WORK ORDER: Please transcribe the data that follows without the pictures, keeping every word the same.

DATA BLOCK:
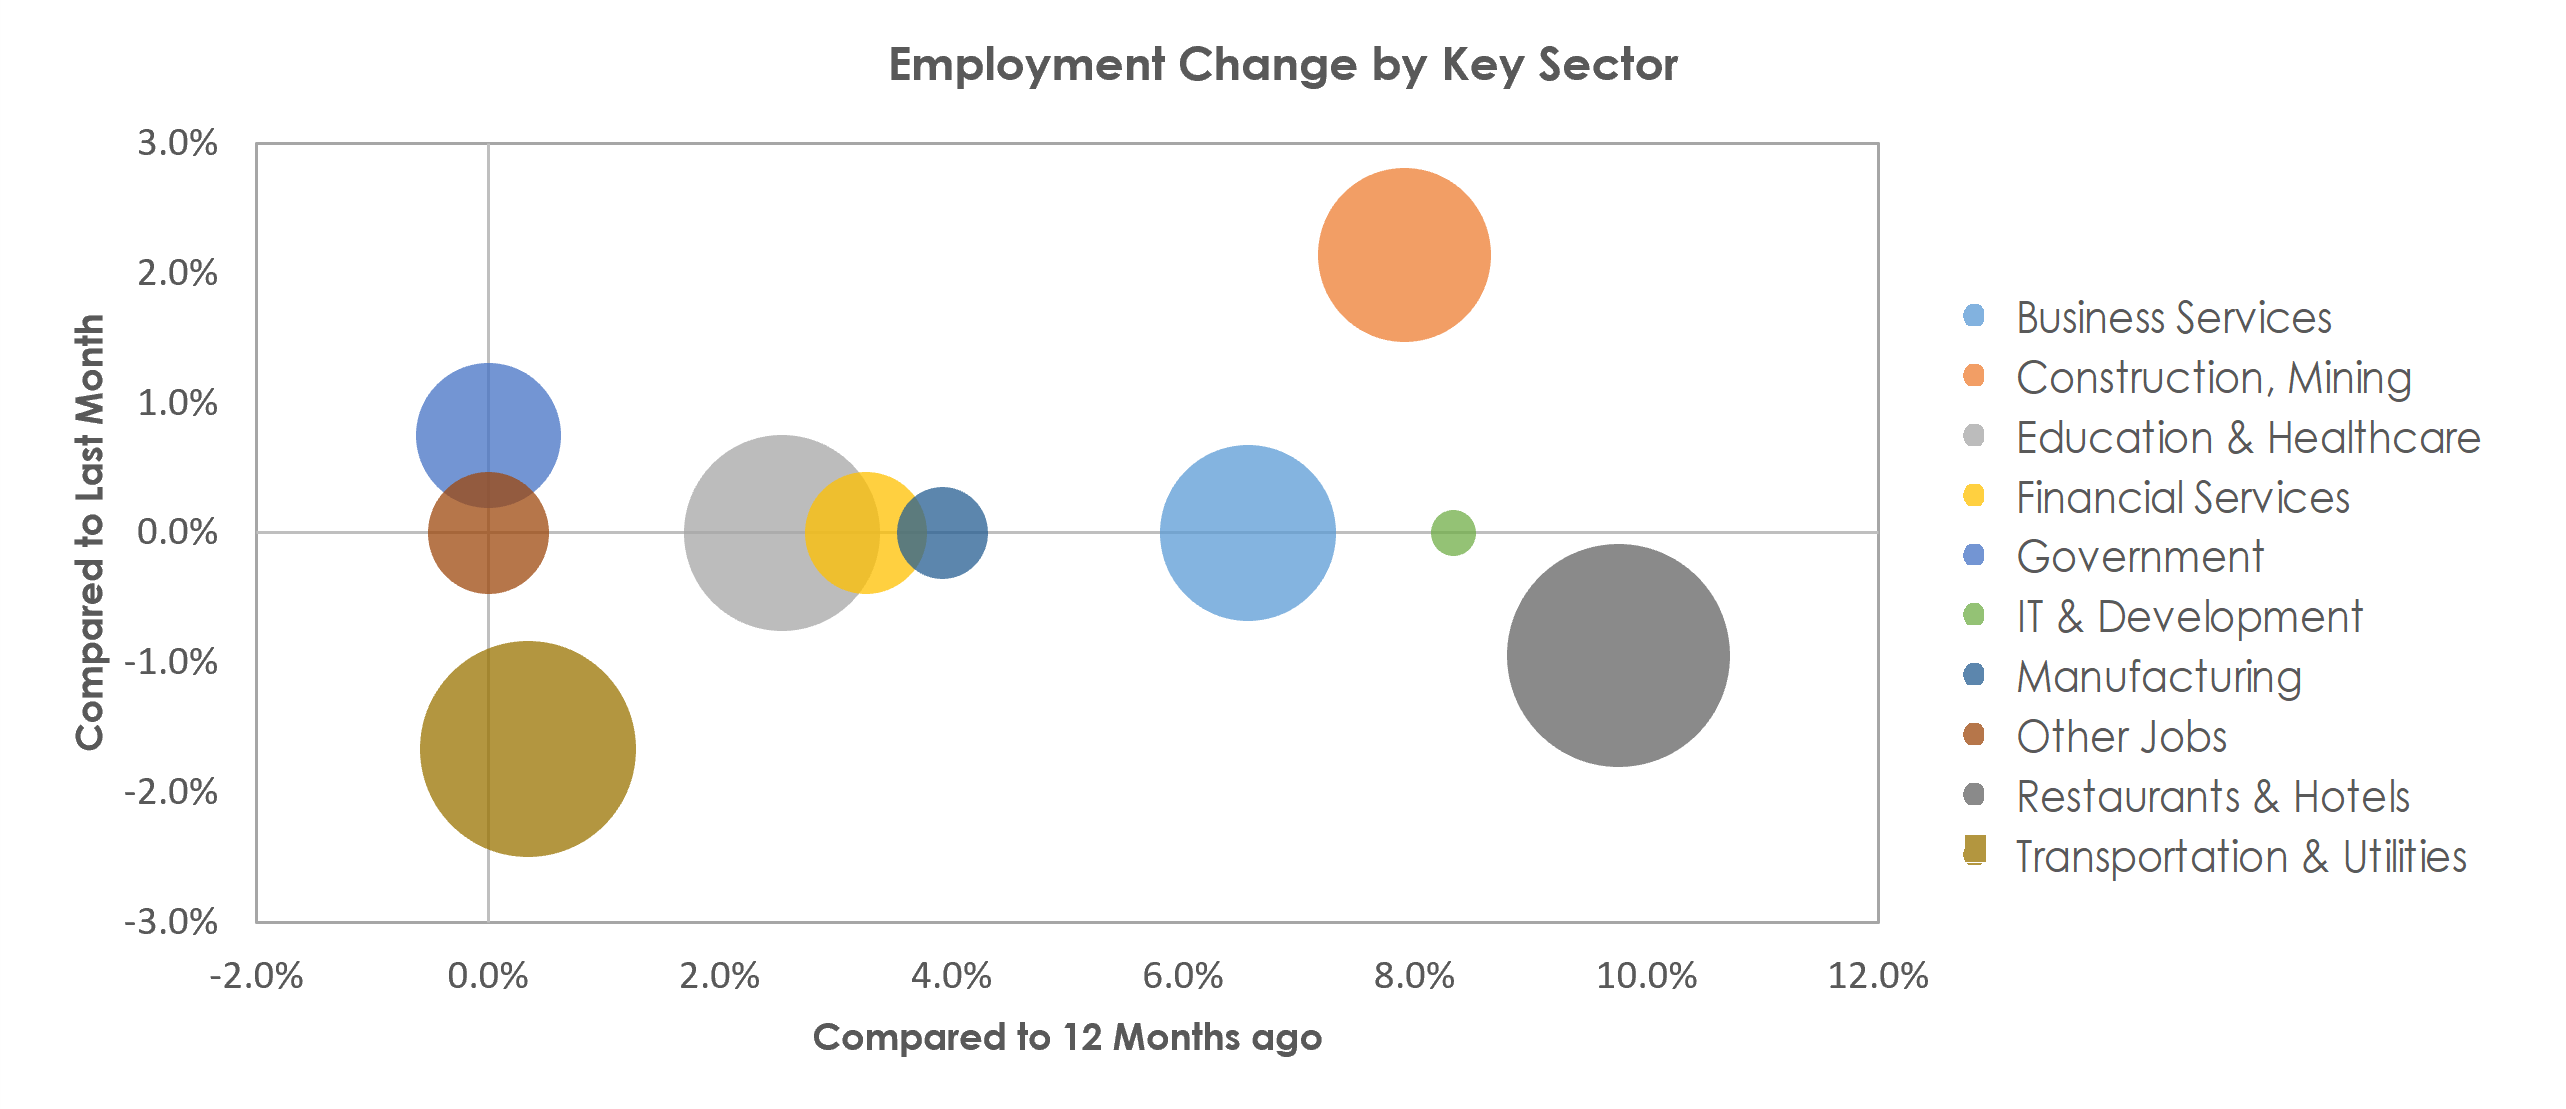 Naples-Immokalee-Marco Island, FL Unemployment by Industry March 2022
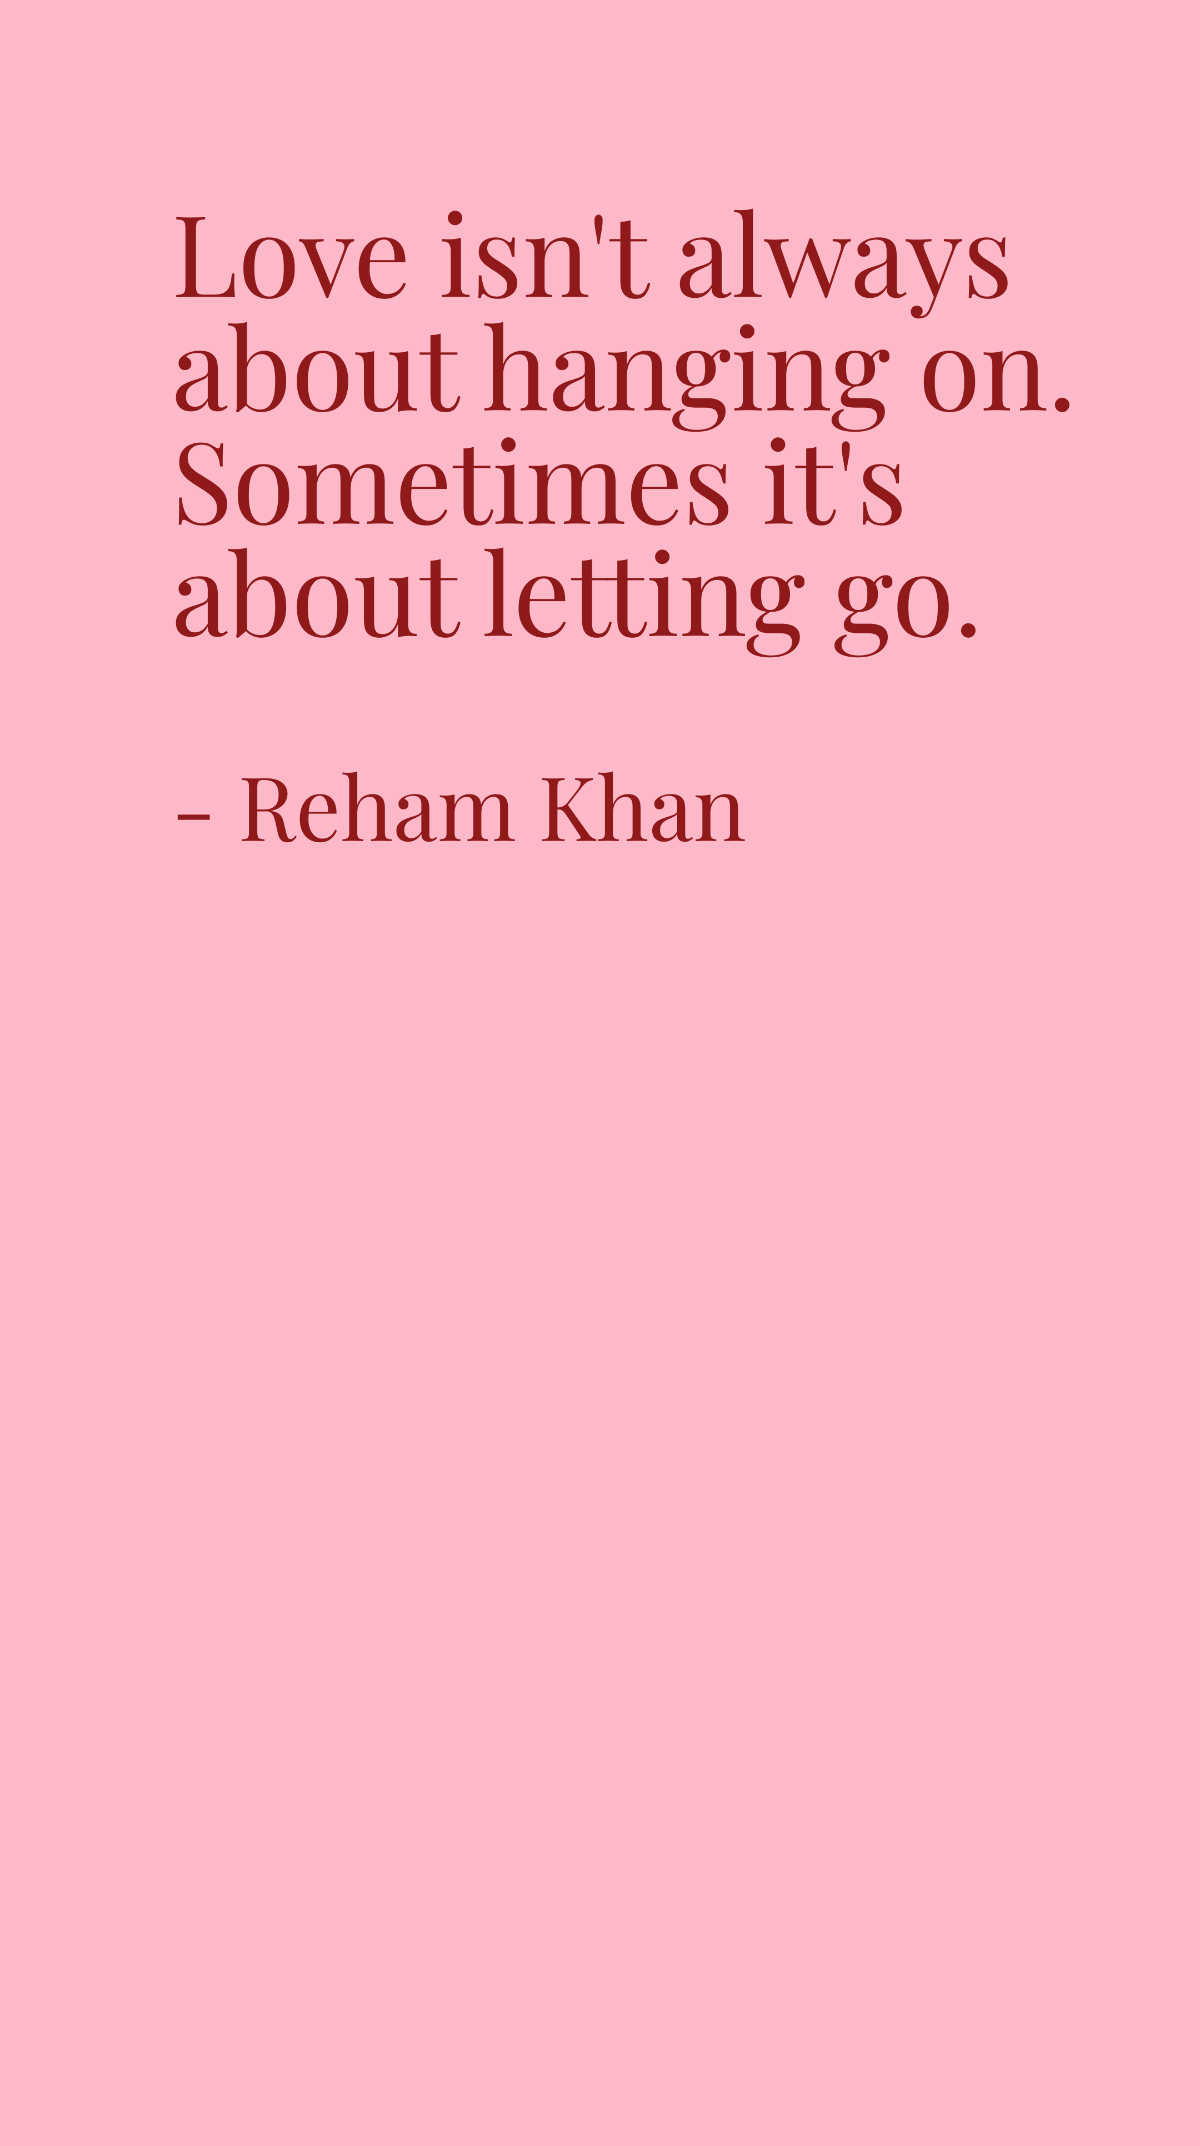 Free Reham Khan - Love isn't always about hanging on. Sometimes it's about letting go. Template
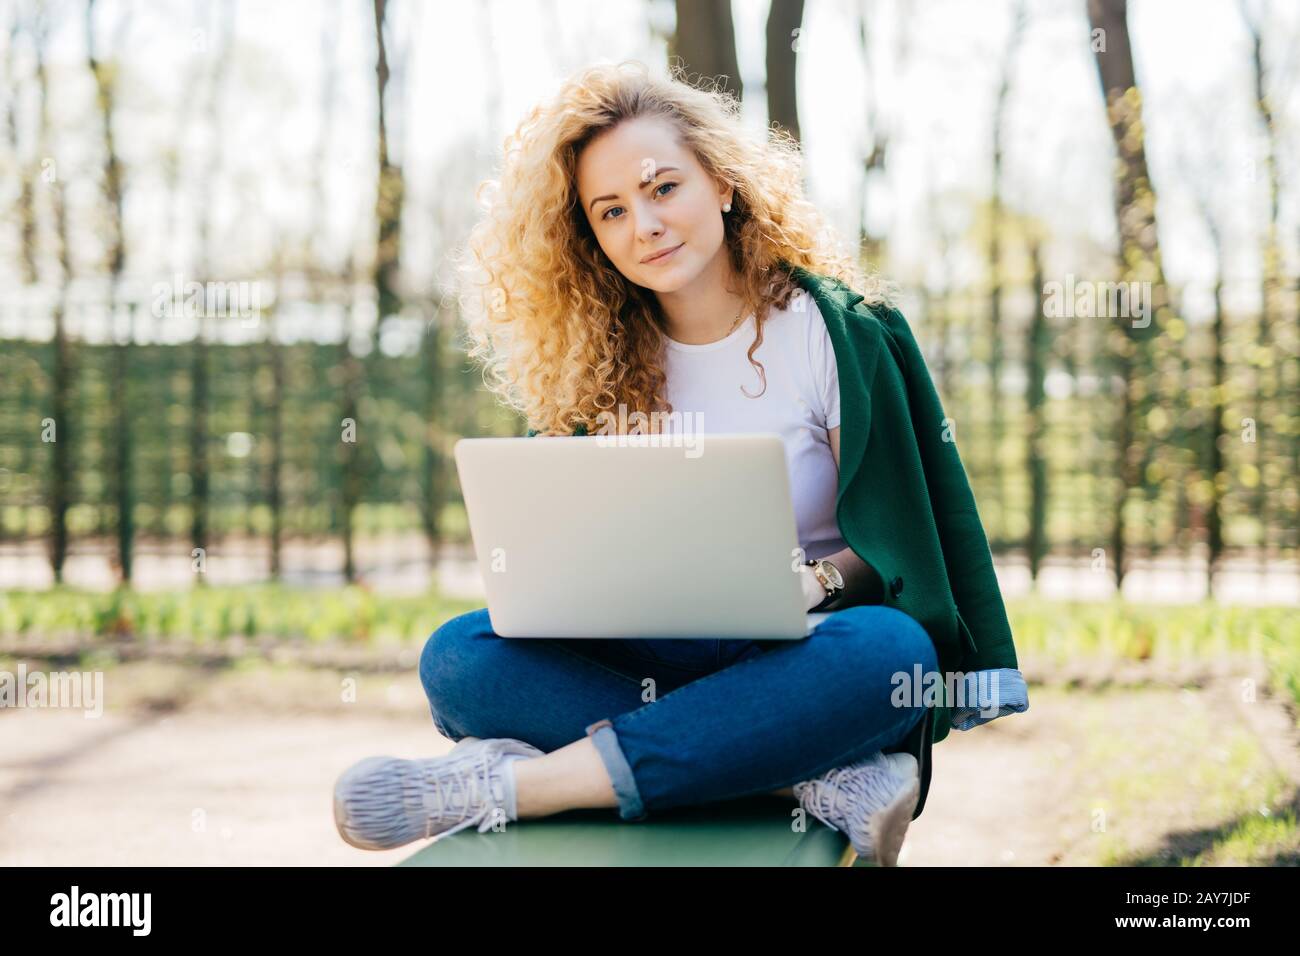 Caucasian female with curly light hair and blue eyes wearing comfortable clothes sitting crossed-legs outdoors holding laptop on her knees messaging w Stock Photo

SOLUTION TO THIS PROBLEM:
 Naples-Immokalee-Marco Island, FL Unemployment by Industry March 2022
 Free Reham Khan - Love isn't always about hanging on. Sometimes it's about letting go. Template
 Caucasian female with curly light hair and blue eyes wearing comfortable clothes sitting crossed-legs outdoors holding laptop on her knees messaging w Stock Photo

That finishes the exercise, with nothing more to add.